Tip
This version is still in development and, while is already very usable, it still might be not as stable and lacks a few features from previous version. If you wish to use legacy version of HueBlocks, click here.

Create beautiful block gradients in a few clicks!
HueBlocks is an online Minecraft block gradients generator.
It's simple: pick colours or blocks you want, set amount of blocks between them, press the Big Black Button et voila!
Additionally, you can:
- Choose Minecraft Java Edition version which blocks you're interested in
- Use palettes to generate gradients using only specific sets of blocks, or even create your own palettes and share them with others via JSON import/export tool
- Filter textures by their facing (for example, if you're building a house wall, you're probably not that interested in blocks that only have a fitting texture on their top side)
- Switch between RGB and OkLAB colourspaces
- and more!
By default, HB comes with blocks from latest stable MCJE (1.21.11 as of Jan '26) and MCJE 1.13.2 (last version to have Programmer's Art by default). If you need some other version, you can either fork a repo and host an instance with your own blocksets (see below), or just DM me and I'll consider adding it here (as long as it is a vanilla Java Edition version available from Mojang Studios servers).
Please note that not every single texture is included! All blocks with fully transparent pixels (i.e. flowers or trapdoors — but not semi-opaque blocks like stained glass), biome-/foliage-affected (such as grass and leaves), and overly-similar looking blocks were scrapped for the sake of better gradient appearance. All of these paramaters, as well as palette presets, are fully configurable on backend side, so you can easily tweak it for your need on your instance.
HueBlocks consists of two parts — a Vue SPA web app (vueblocks) and a Python blocksets data generator (jar2blockset). Just like the legacy version, it has no actual back-end — all textures are downloaded, extracted and processed using Github Actions after every push, and then stored on their servers instead.
For each of these parts, there is a separate README with more details and documentation. So:
- If you want to create blocksets from your own textures or change generation configs (i.e. to include semi-transparent blocks, use custom palettes or edit textures blacklist) — check this,
- And if you want to mess with web app (it's very modular by design, so, if you know Vue 3, even something as creating a whole new separate mode shouldn't take much time) — check that.
Additionally, if you're interested in color theory behind most of calculations, I highly recommend checking out Gneiss Name channel on YouTube. His videos have greatly helped me refresh my memory on the basics, and also were great introductions to some topics I didn't understand before.

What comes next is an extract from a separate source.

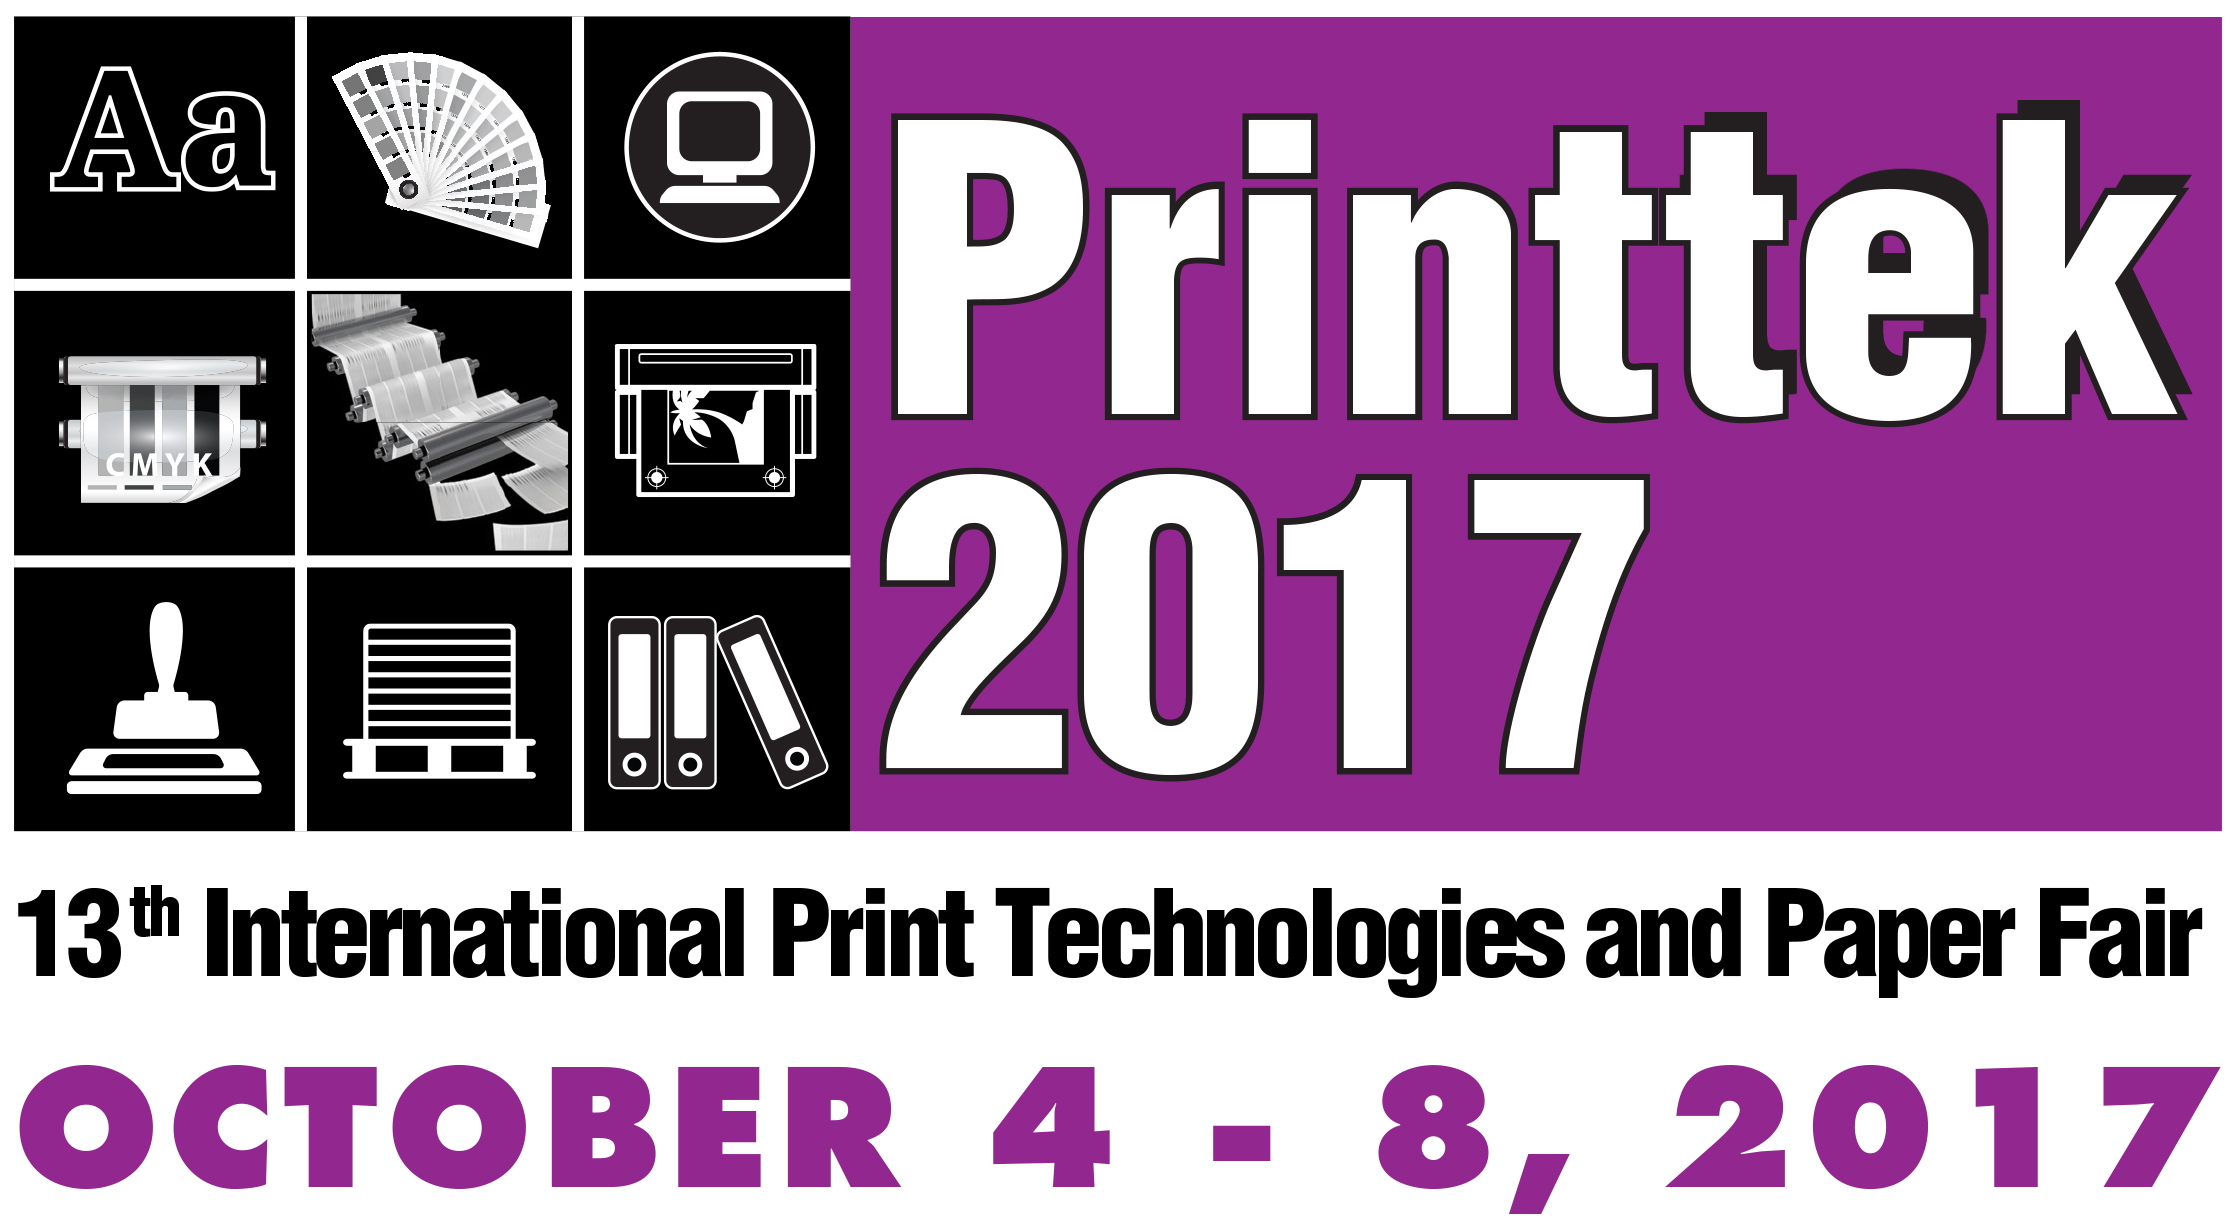 Printtek 2017, 13th International Print Technologies and Paper Fair

In particular, I recommend watching these episodes as sort of QnA:
- What is OkLAB, and how is it different from (s)RGB?
- What's the purpose of taking sqrt of squares for averaging block colour?

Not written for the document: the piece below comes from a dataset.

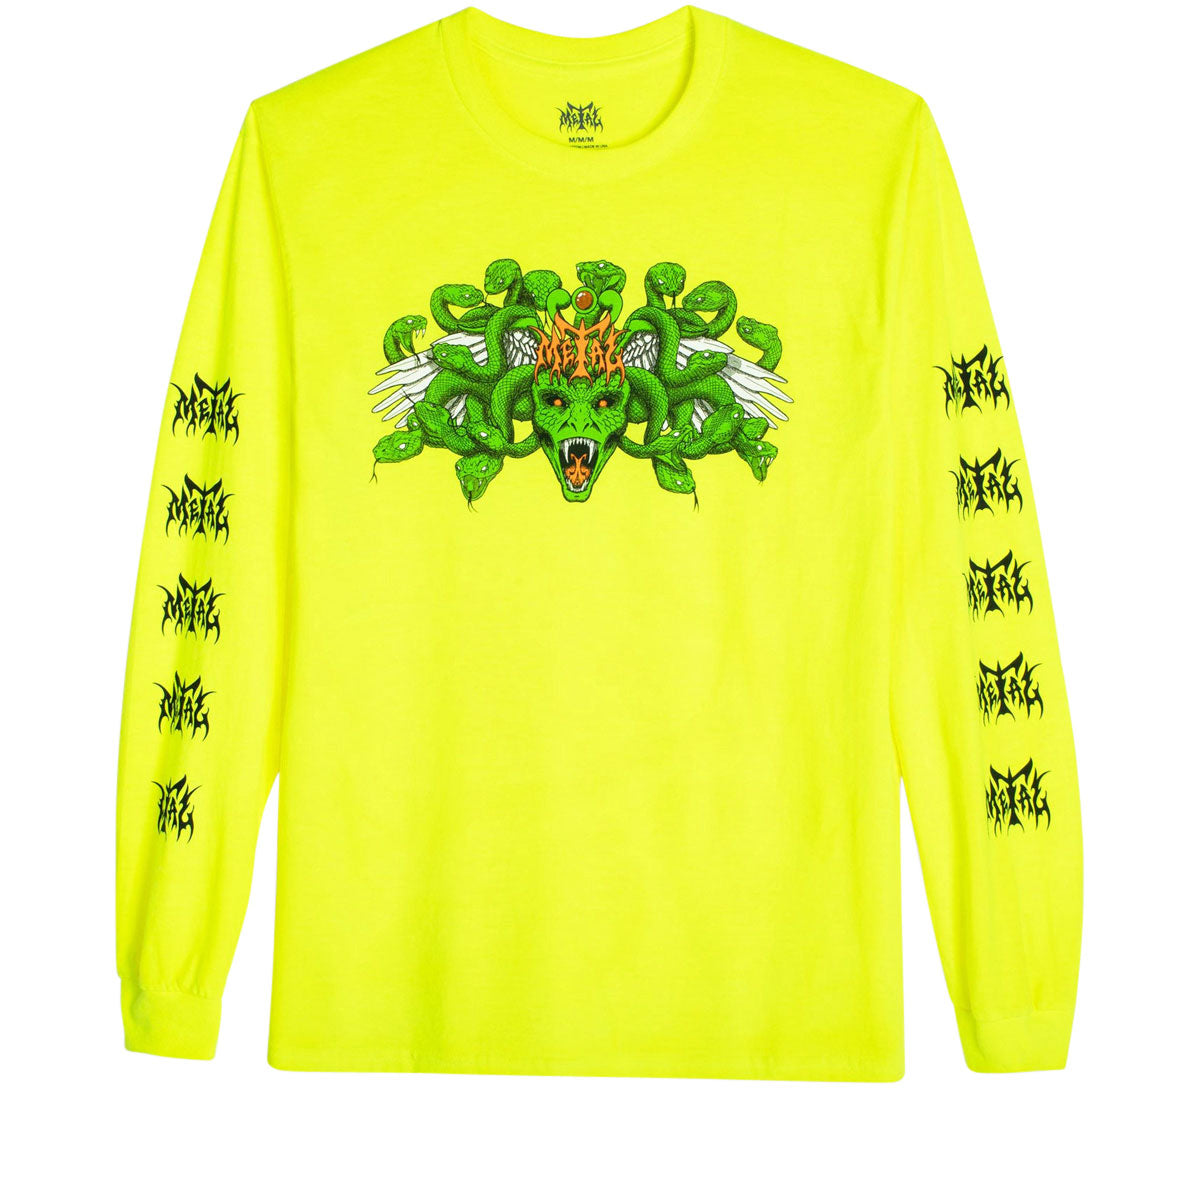 Metal Medusa Long Sleeve T-Shirt - Safety Green image 1
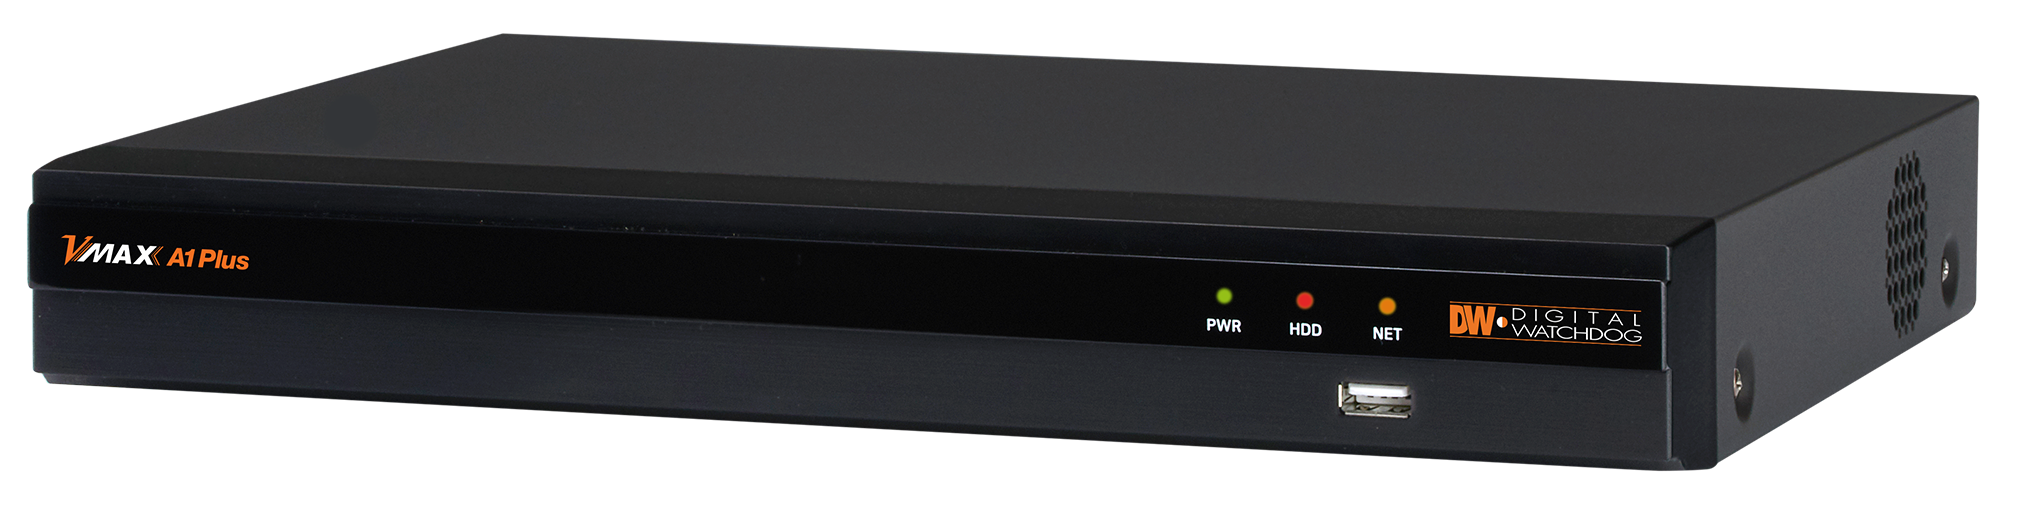 Digital Watchdog DW-VA1P81T  UHDoC - DVR 8ch 8 Channel Universal HD Over Coax DVR

- How exactly is block texture noise calculated?
You can also check the j2bs source code for additional sources, commented right next to the code itself.
All the textures data provided by the Github Pages version are live extracted and processed from client JAR files live downloaded from Mojang's Piston Meta servers API using HTTP calls, and NOT provided in the repository itself. All rights on both the JAR files and the textures belong to Mojang Studios, and used for demonstration purposes only!